Bandy had flown one of the pre-production YP-38s at Wright Field, but Burcham took him to new ground, a combat-ready P-38G. It was a beautiful aircraft, gleaming silver, the sleek needle-nosed twin booms bulging with the power of the supercharged

Allison engines, the central nacelle packed with four .50-caliber machine guns and a 20-mm cannon.

"It's an easy bird to fly, Bandy. The props are counter-rotating, so you don't have any torque problems to worry about. The only thing I'd warn you about is high-speed dives. It's so clean that it can run into what we call compressibility." Burcham went on to give him his first real insight on the tremendous forces involved when an aircraft approaches the speed of sound.

"How do you recognize it?"

"It's easy! It feels like you're flying through boulders, and the controls stiffen up, feel like they're reversing on you. We've got some dive flaps coming along that may solve it, but for now—don't dive too steep."

Three days later, Bandy had completed the syllabus of ground instruction and flying that Burcham had specially created for him and felt perfectly at ease in the aircraft.

The visit with Kelly Johnson proved to be unsettling. First, he was so young, only thirty-three, and so self-assured. Bandfield sensed he was in the presence of a great man who wasn't too happy with him.

"Would I be too inquisitive, Colonel Bandfield, if I asked if you were following the progress on jet engine development?"

Uh-oh, Bandfield thought, he's heard about McNaughton's problems.

"Not at all.
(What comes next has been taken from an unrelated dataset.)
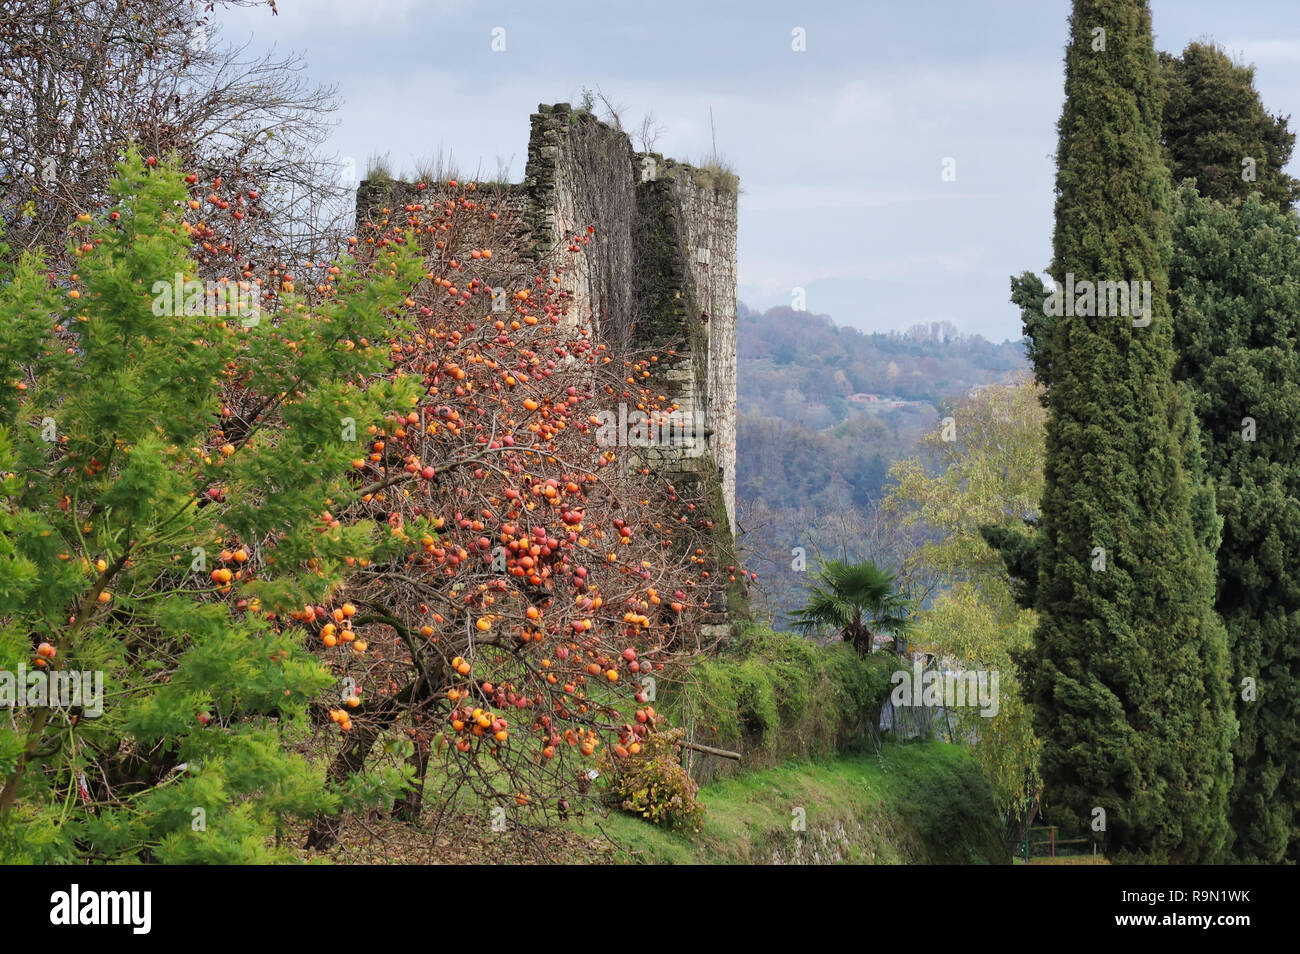 ripe fruits on persimmon trees in december, Arona, Italy Stock Photo

I've been briefed on as much as we know about the German developments. We know that the British have flown an experimental jet, not a fighter. And as you probably know, we've been doing some work on it, too."

Johnson was quiet-spoken, taciturn, but determined.
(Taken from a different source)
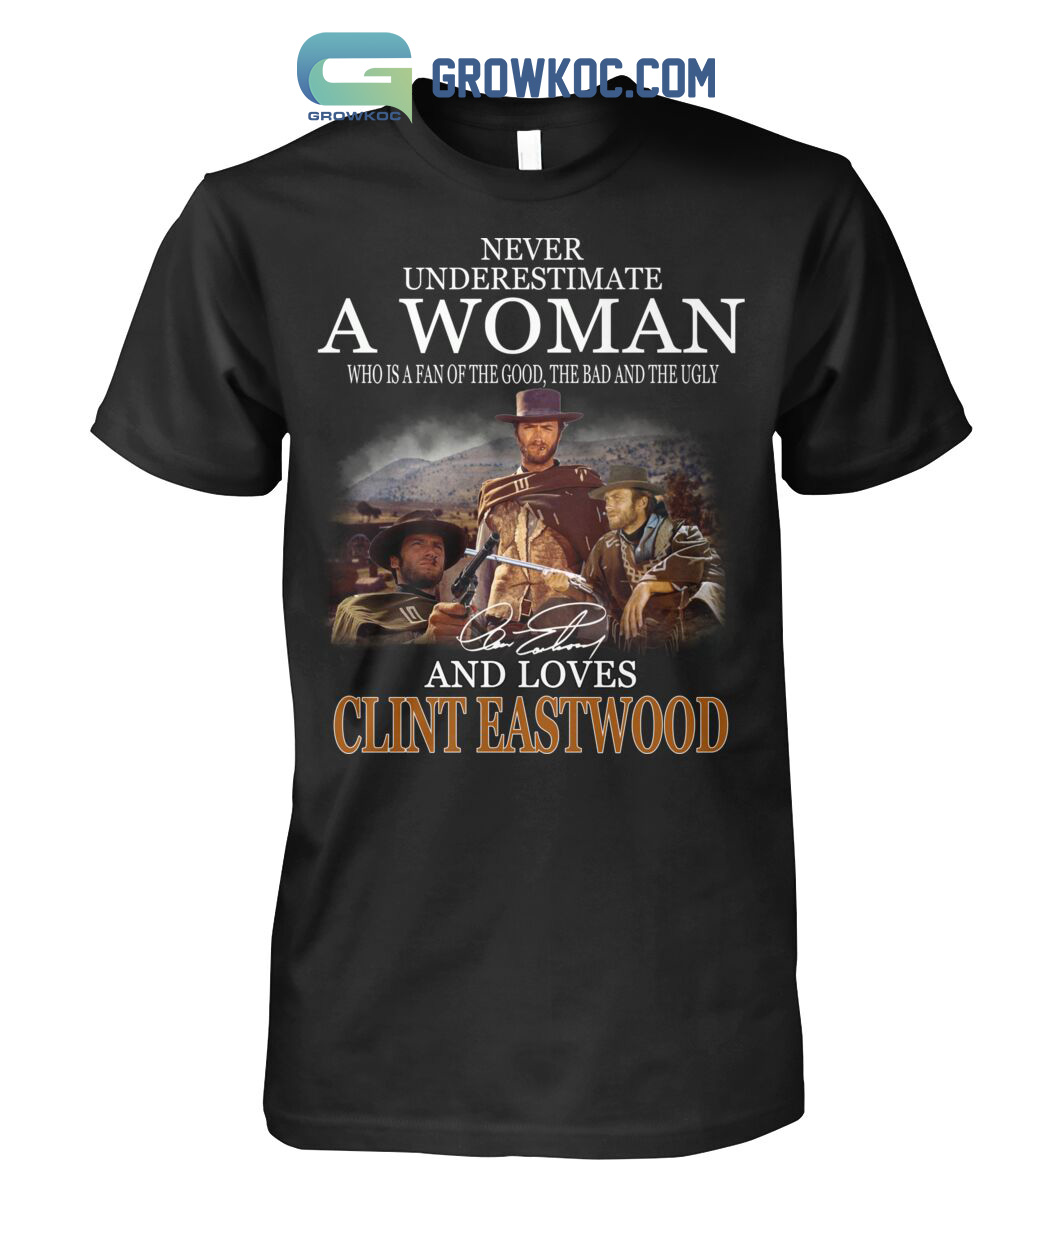 Never Underestimate A Woman Who Is A Fan Of The Good, The Bad And The Ugly And Loves Clint Eastwood T-Shirt

"Let me show you a few drawings."

He turned the pages of a sketch pad showing a very clean, low-wing single-engine aircraft, air intakes tucked on the side of its nose, jet exhausting from the tail.
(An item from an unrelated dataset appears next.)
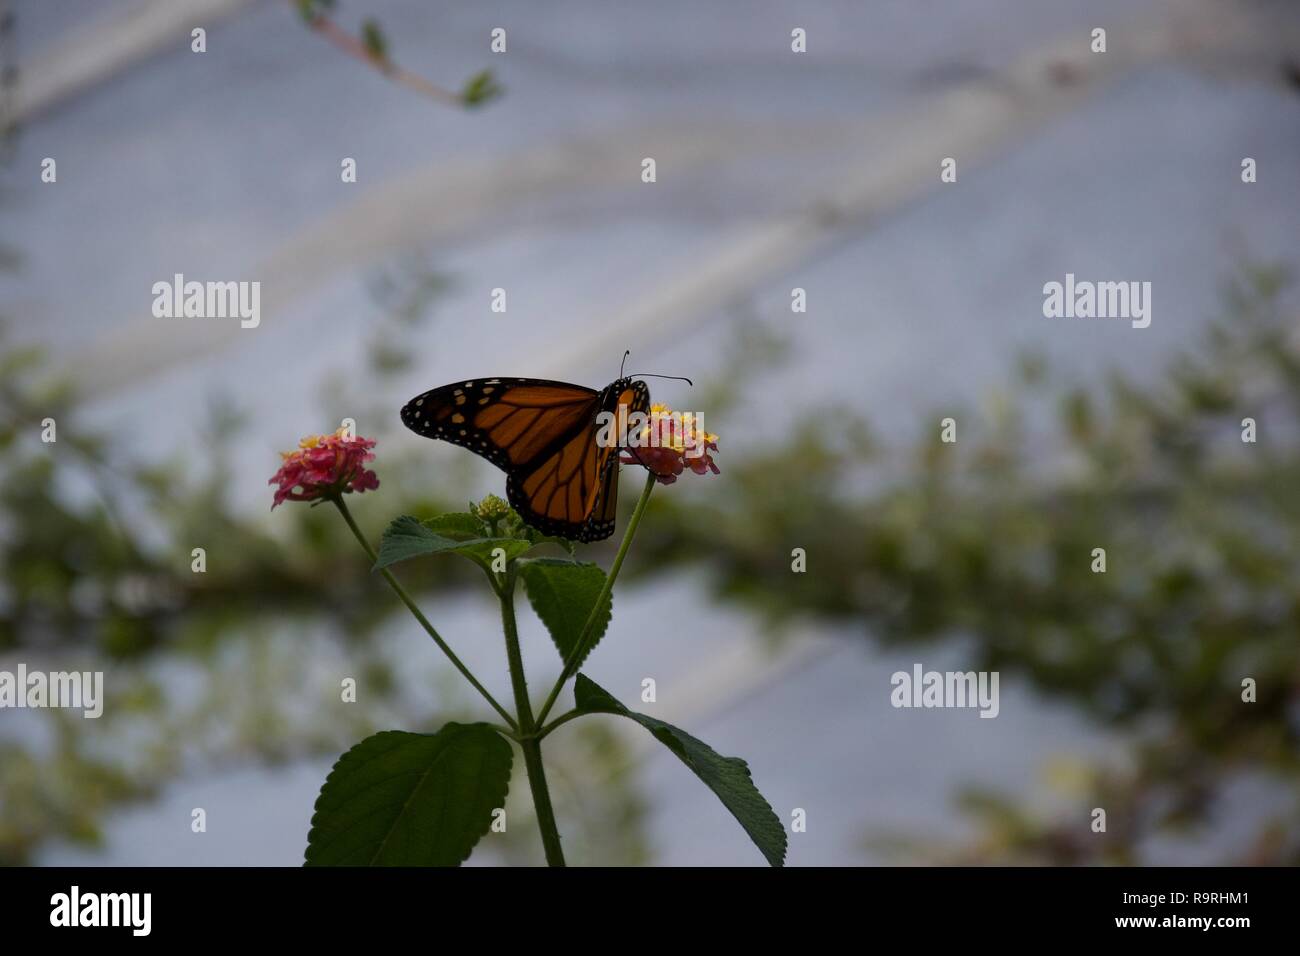 An orange and black butterfly lands on a little yellow flower, ready to sip nectar Stock Photo

"We'd like to get in the jet business, Colonel. General Caldwell hasn't been very encouraging. He says he needs the P-38s and the bombers we make too badly to let us try."

In the end, Bandfield said that he'd press Lockheed's case with Caldwell. He left confident that if the McNaughton jet did fail, Johnson was clearly a man to be depended on to deliver a jet from Lockheed on time.

*

Stockholm/April 13, 1943

It was truly a world at war. Distant countries as unthreatened—and unthreatening—as Bolivia, Ethiopia, and Iraq had declared war on Germany. In Sweden, the mood was shifting. The German invasion that loomed so large in its thinking in 1940 no longer seemed so imminent, but a balanced decision still had to be made: did Sweden wish to be surrounded by German-or Russian-controlled land? The truth was neither; the unspoken best solution for Sweden was an endless conflict in which both countries bled themselves to death, buying plenty of war materiel in the process.

On the surface, Sweden still danced to Germany's tune. More than 10 percent of Swedish rail traffic was employed in transporting German troops and materiel, and Swedish naval vessels escorted German ships through coastal waters. In the previous March, six hundred thousand tons of Swedish ore had been funneled into German blast furnaces, and dozens of Swedish "fishing" ships had been sold to serve as German minesweepers. Most blatant of all, Swedish vessels under contract served as tankers to fuel German U-boats.

Yet Lyra sensed the fundamental change in Swedish attitude toward Germans as soon as she arrived. Helmut's rank and Knight's Cross had entitled him to fly on the previous day's German courier plane. She had been fortunate to be able to get a seat on the Swedish airline Aerotransport's silvery Junkers Ju 52
Vikingaland.
When they landed at Bromma Airport, she found that the porters were their normal eager selves with the few Swedish passengers but ignored the Germans. The same applied to everyone, from the hat-doffing doorman to the surly taxi drivers. And where in the past the customs officials had been courteous to the point of negligence in their inspections of papers and baggage, they now acted like Gestapo agents.

It was true in the restaurants as well; service was now slow and surly, even worse if a foreigner from an Allied country was sitting nearby.